We might think of that as a vivid description of a bad marriage. I hope Sue’s to Austin was not so bleak.
Beautiful meditation on the poem, Tom.
DeleteI love the magic mirror idea. That is true for so many of Dickinson's poems that it makes one wonder.
Requirement is an interesting word. I take your challenge. I do remember being asked before I got married if there were any deal breakers. I said no. But perhaps this is disingenuous. Or maybe it's more accurate to say that the requirements of character were already well established in my wife before I ever met her.
"Required" feels dictatorial to me. "Request" is more in keeping.

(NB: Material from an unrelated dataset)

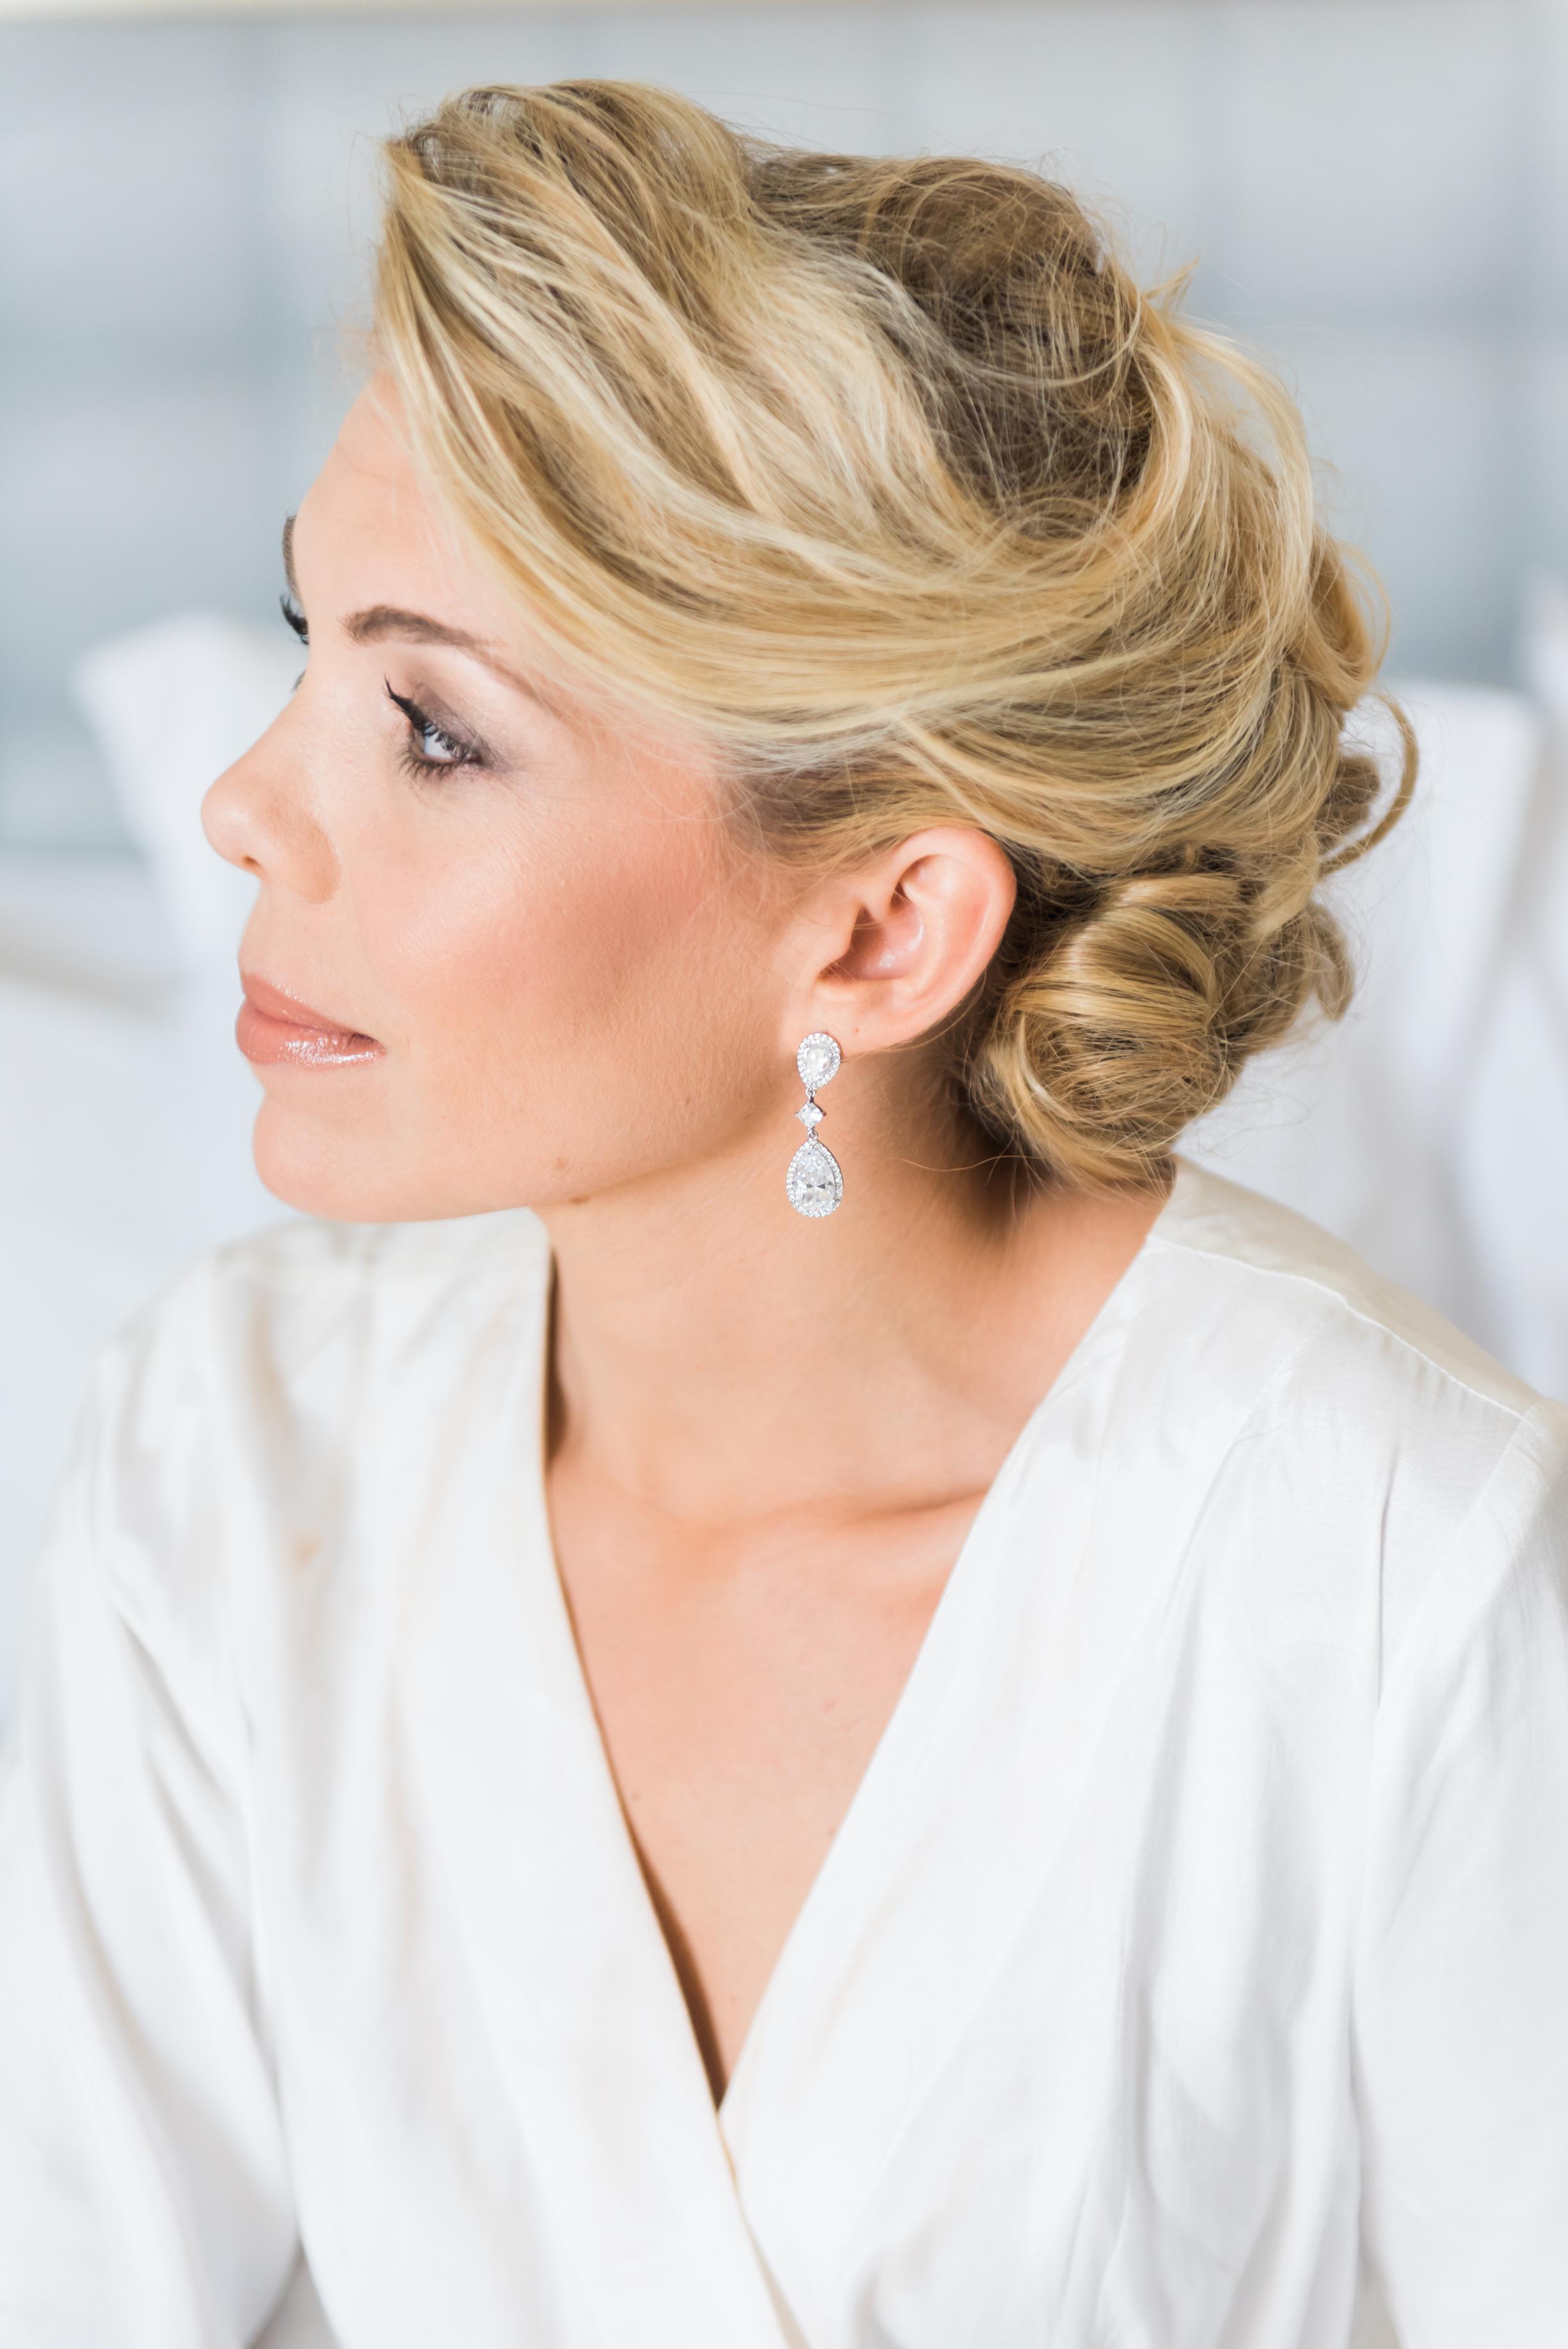 Gorgeous Bridal Up Do Hairstyles - Flagler Museum Palm Beach Wedding Venue - The Overwhelmed Bride Wedding Blog
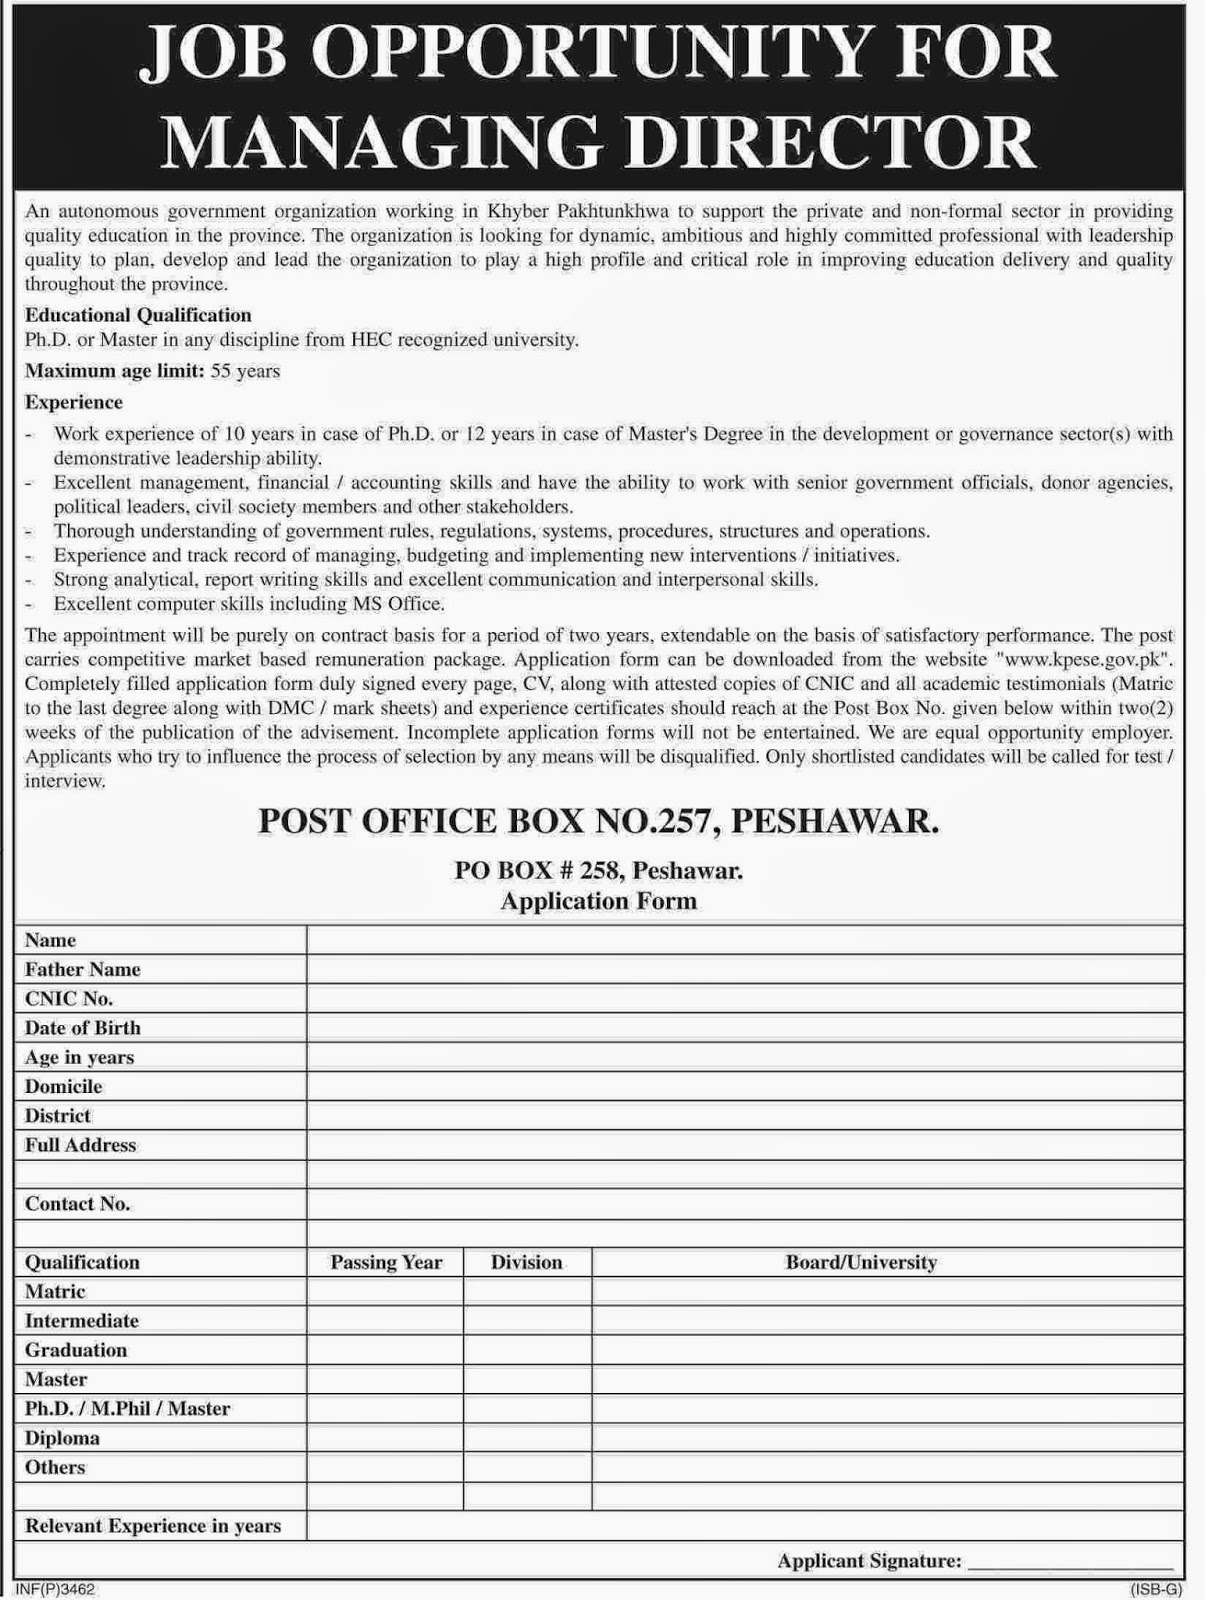 Jobs for Managing Director in Government Organization of KPK, Peshawar

Your Richard III excerpt is terrifying. I appreciate the inference here that this poem could possibly have been directed at Sue. There's that echo of this passage in The Tempest too,
Full fathom five thy father lies;
Of his bones are coral made;
Those are pearls that were his eyes:
Nothing of him that doth fade,
But doth suffer a sea-change
Into something rich and strange.
Yet in Dickinson pearls seem to be the most precious of all the gems, and here seem to stand for pressurized Awe, something born of patience and self-restraint.
And yet, and yet, it is hard not to read that "honorable" as tongue in cheek, and this poem as a critique isn't it?
When trying to understand this poem, it might help to recall a passage from an 1852 letter in which Emily shared with Sue her fantasies and anxieties about marriage.
ReplyDelete„How dull our lives must seem to the bride, and the plighted maiden, whose days are fed with gold, and who gather pearls every evening, but to the wife, Susie, sometimes the wife forgotten, our lives perhaps seem dearer than all others in the world; you you have seen flowers at morning, satisfied with the dew, and those same sweet flowers at noon with their heads bowed in anguish before the mighty sun; think you those thirsty blossoms will now need ought but –dew? No, they will cry for sunlight, and pine for the burning noon, tho’ it scorches them, scathes them; they have got through with peace, they know that the man of noon, is mightier than the morning and their life is henceforth to him. Oh, Susie, it is dangerous, and it is all too dear, these simple trusting spirits, and the spirits mightier, which we cannot resist! It does so rend me, Susie, the thought of it when it comes, that I tremble lest at sometime I, too, am yielded up.“
Thank you! Wow, that's super helpful here.